От последнего слуха я поначалу отмахнулся как от смехотворного и злобного, однако в скором времени они начали поступать ко мне из источников самых разных, и не сходились они только в имени женщины — одни называли Нину Берберову, другие Ирину Гуаданини.
Решив уведомить брата об этих измышлениях, я предложил ему встретиться 28 марта, в пятнадцатую годовщину смерти отца. Однако он заявил, что у него этот день уже занят, и перенес нашу встречу на вторую половину следующего. Едва увидев брата, я понял, что он чем-то ужасно подавлен, и спросил, что случилось. Володя объяснил, что весь предыдущий день ждал письма от Веры, однако оно так и не пришло.
Я сказал, что письмо могло и задержаться в пути, не пришло вчера, придет сегодня, — Володя ответил на это, что и сегодняшняя почта тоже уже поступила, а письма в ней не было.
— Она сама не своя, — сказал он. — И почему-то не желает перебираться в Париж. Одну неделю она твердит, что нам следует попробовать обосноваться в Бельгии, другую говорит только об Италии. Как-то раз даже до Австрии додумалась. А теперь у нее появилась новая идея — поехать первым делом в Чехословакию, показать маме ее внука и заодно полечиться от ревматизма. Как будто от него во Франции лечиться нельзя! Я понимаю ее желание познакомить маму с Митючкой, внук он замечательный, но почему именно сейчас? Неужели нельзя подождать несколько месяцев, которые уйдут на наше устройство здесь?
Я слушал его, и меня начинала тревожить мысль: а что, если и до Веры дошли те самые слухи? Что, если в них и состоит причина ее неприязни к Парижу?

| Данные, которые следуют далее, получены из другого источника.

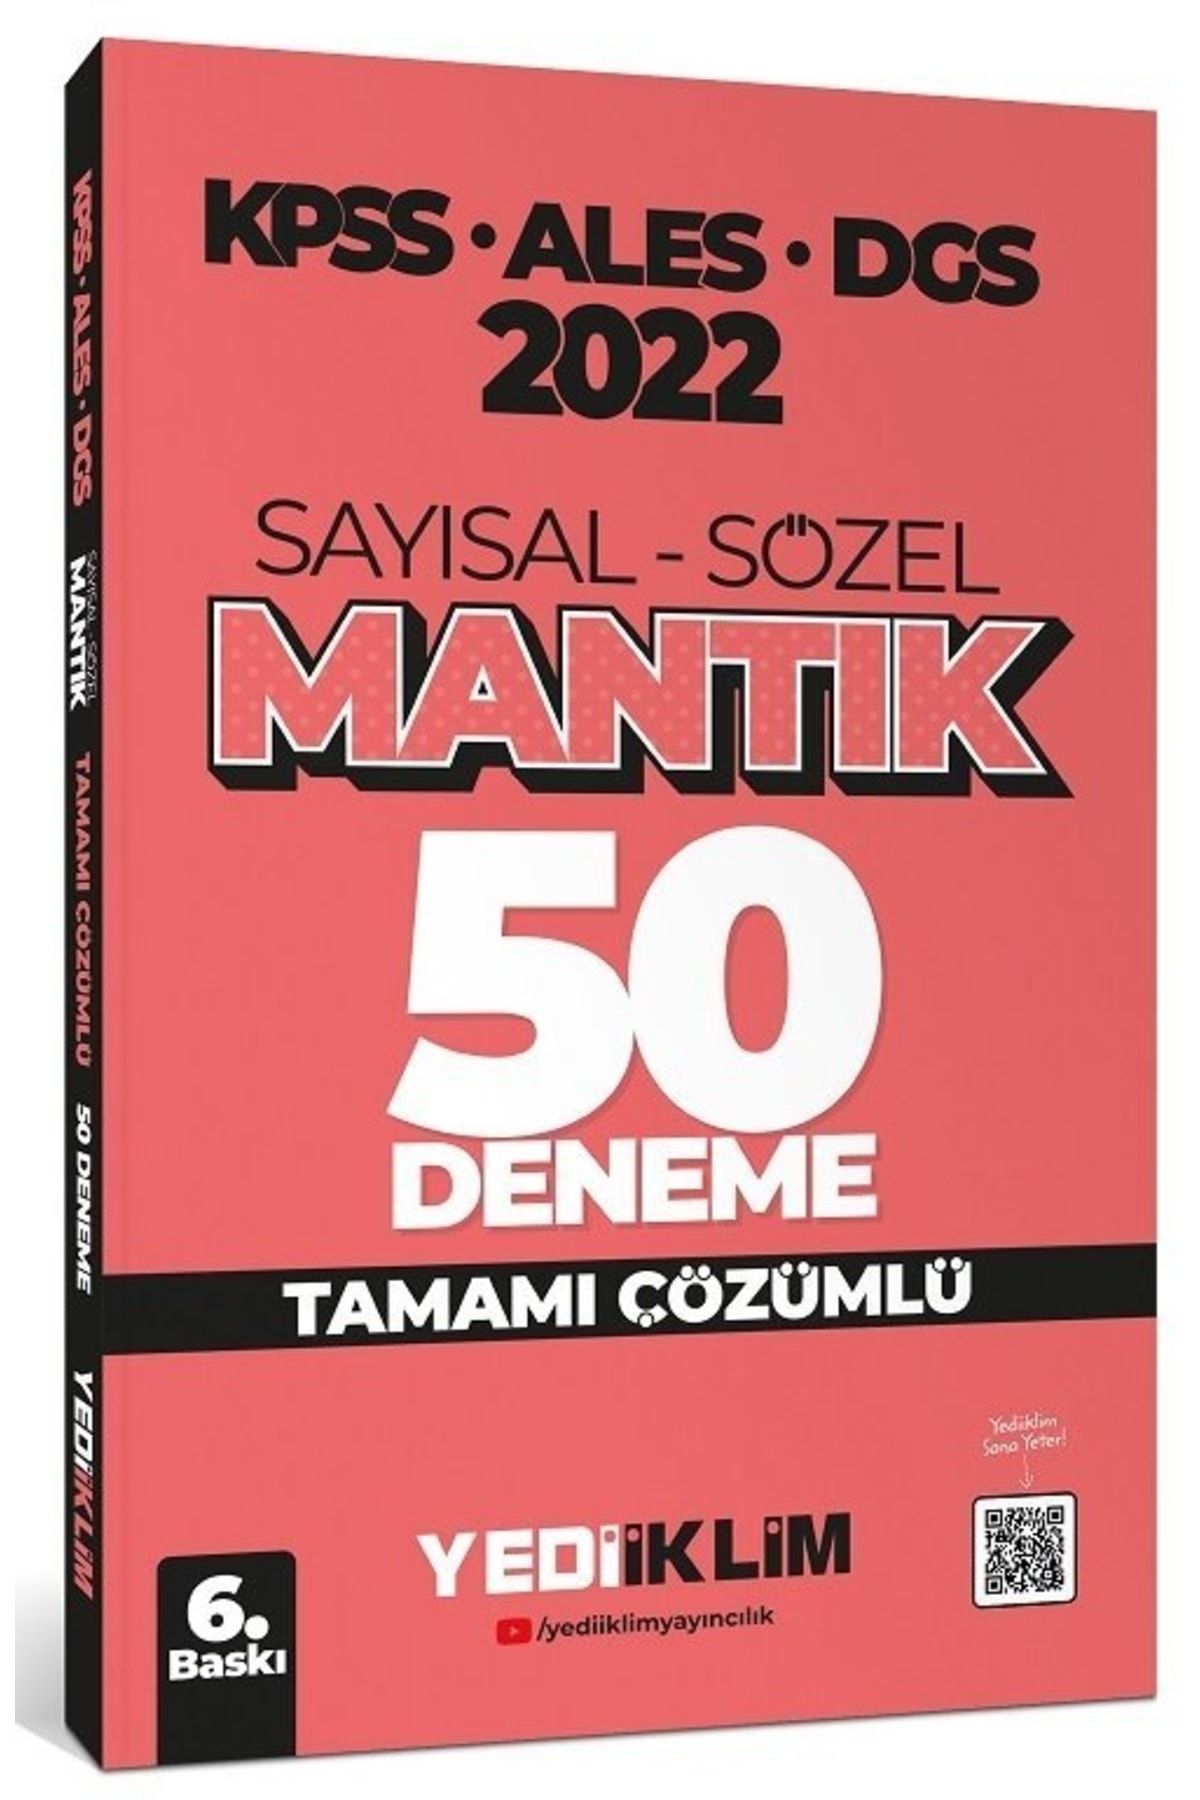 Yediiklim Yayınları 2022 Kpss-ales-dgs Sayısal Sözel Mantık Tamam

— Возможно, это никакого отношения к делу не имеет, — сказал я, — но мне кажется, что ты должен знать о вредоносной сплетне, которую о тебе распустили. Я уверен, что это совершенная…

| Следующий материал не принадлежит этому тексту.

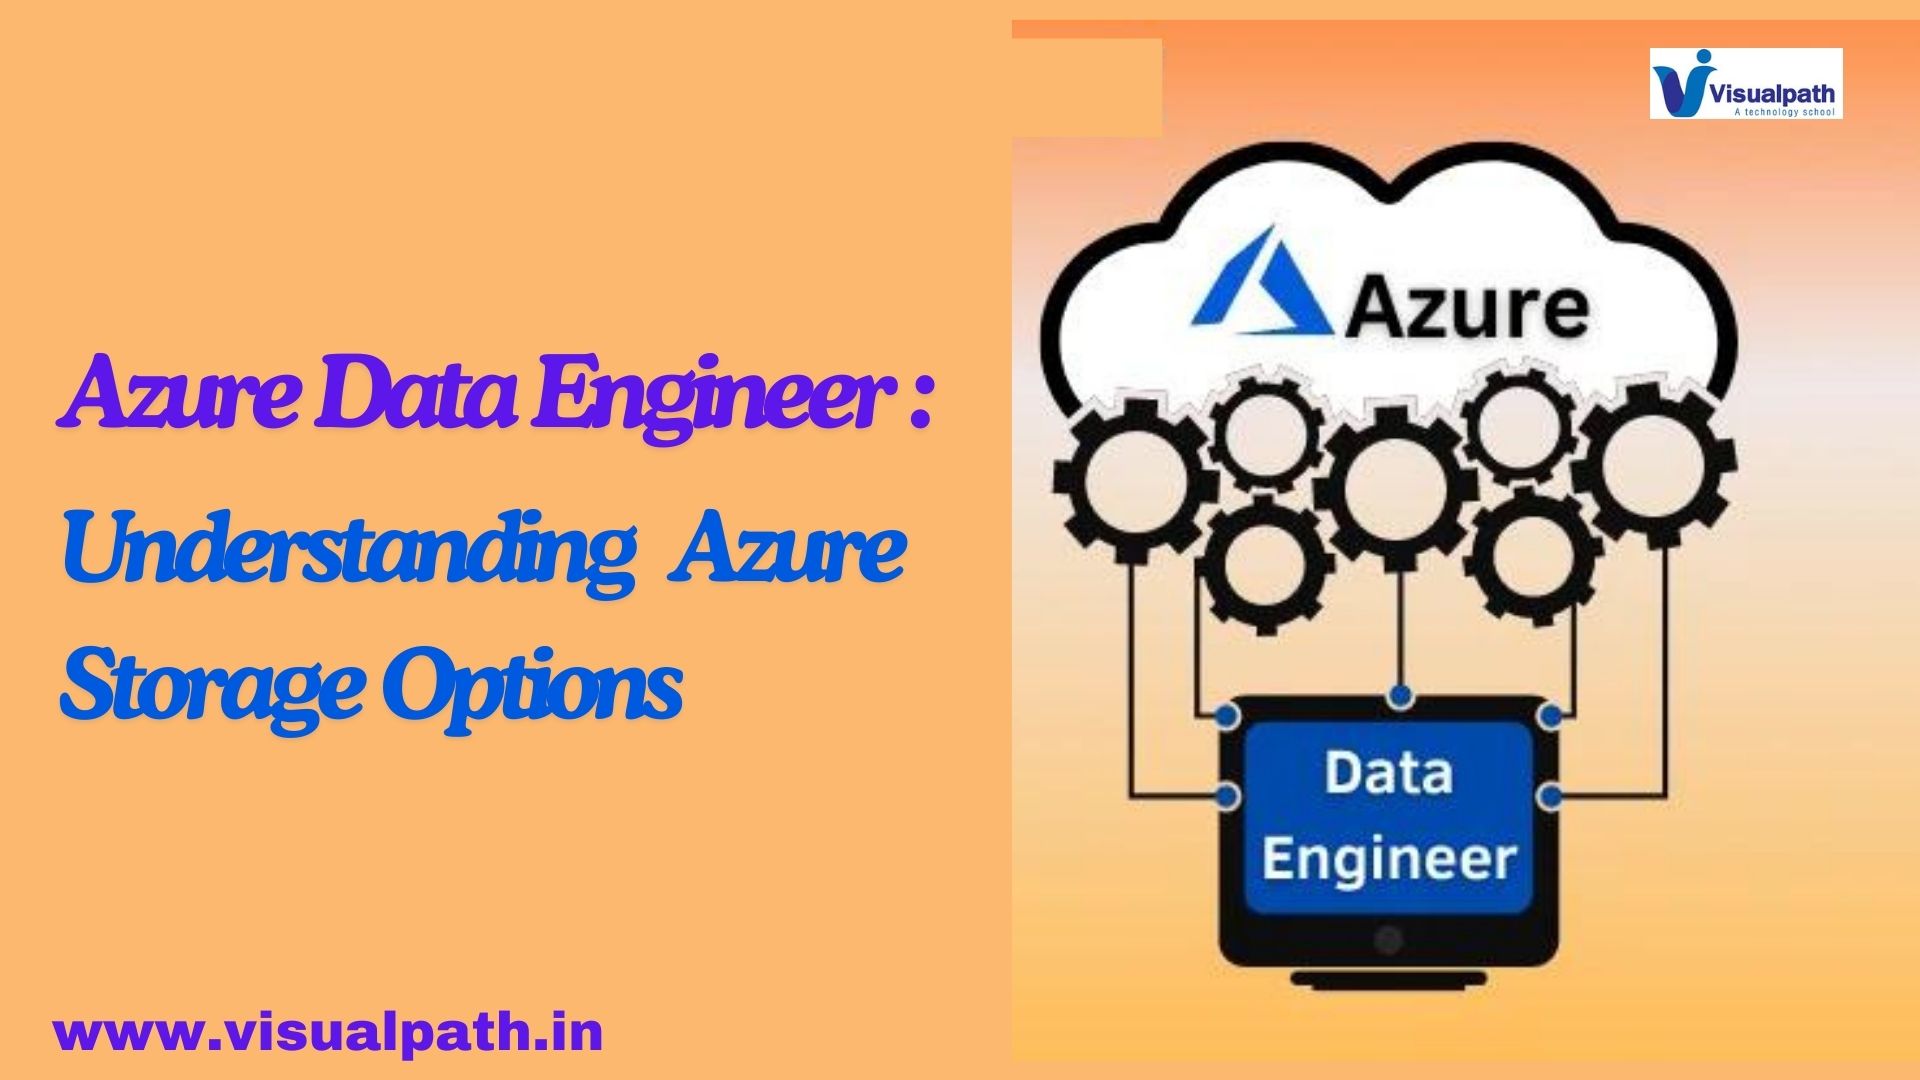 Azure Data Engineer: Understanding Azure Storage Options and Blob Storage

— Чушь! — рявкнул он. — Полная чушь. Нина Берберова мой близкий друг, ей сейчас нелегко, она разошлась с Ходасевичем, с которым прожила столько лет. Вот мы и встречаемся с ней то в одном кафе, то в другом. Неужели кто-то и вправду думает, что я способен поставить под угрозу мои отношения с величайшим поэтом нашего времени, заведя интрижку с покинувшей его женой? Уверяю тебя, Сережа, нас с ней соединяют лишь дружба и любовь к литературе.

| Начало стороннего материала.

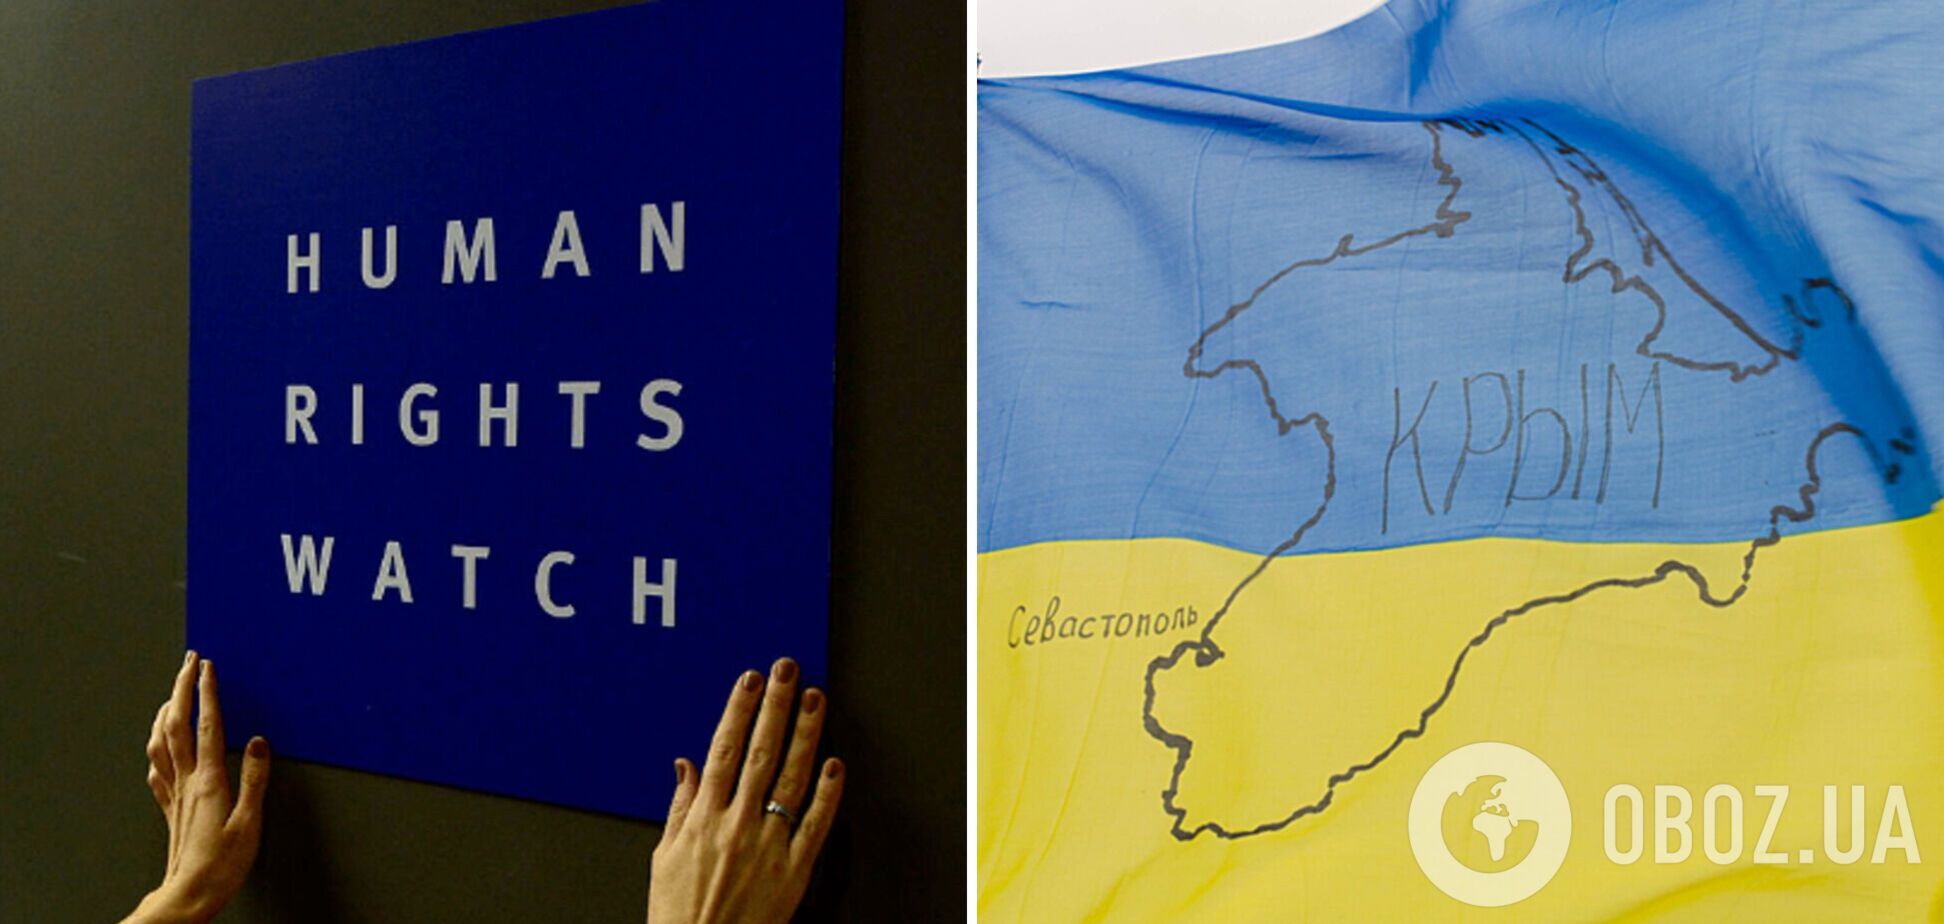 Правозахисники з Human Rights Watch проілюстрували картою України без Криму скандальний звіт про застосування протипіхотних мін. Фото

Пораженный его откровенностью, я сказал Володе, что благодарен за разъяснение и знаю, как тяжело далась ему эта весна.
— Да перестань ты так трястись надо мной, — ответил он. — А то еще задушишь меня в родственных объятиях.
— Я и не трясусь, — возразил я.
— Вот и хорошо. Спасибо тебе за участие, но я вполне способен сам о себе позаботиться.
Последняя фраза меня немного обидела, однако я постарался этого не показать, сообщив взамен, что на следующей неделе Герман приедет в Париж и нам очень хотелось бы позавтракать втроем.
— О, хорошо, что напомнил, — ответил Володя. — Я совсем забыл спросить тебя о нем. Мне тоже очень хочется позавтракать с вами.
Лишь спустя какое-то время я сообразил, что об Ирине Гуаданини он не сказал ни слова.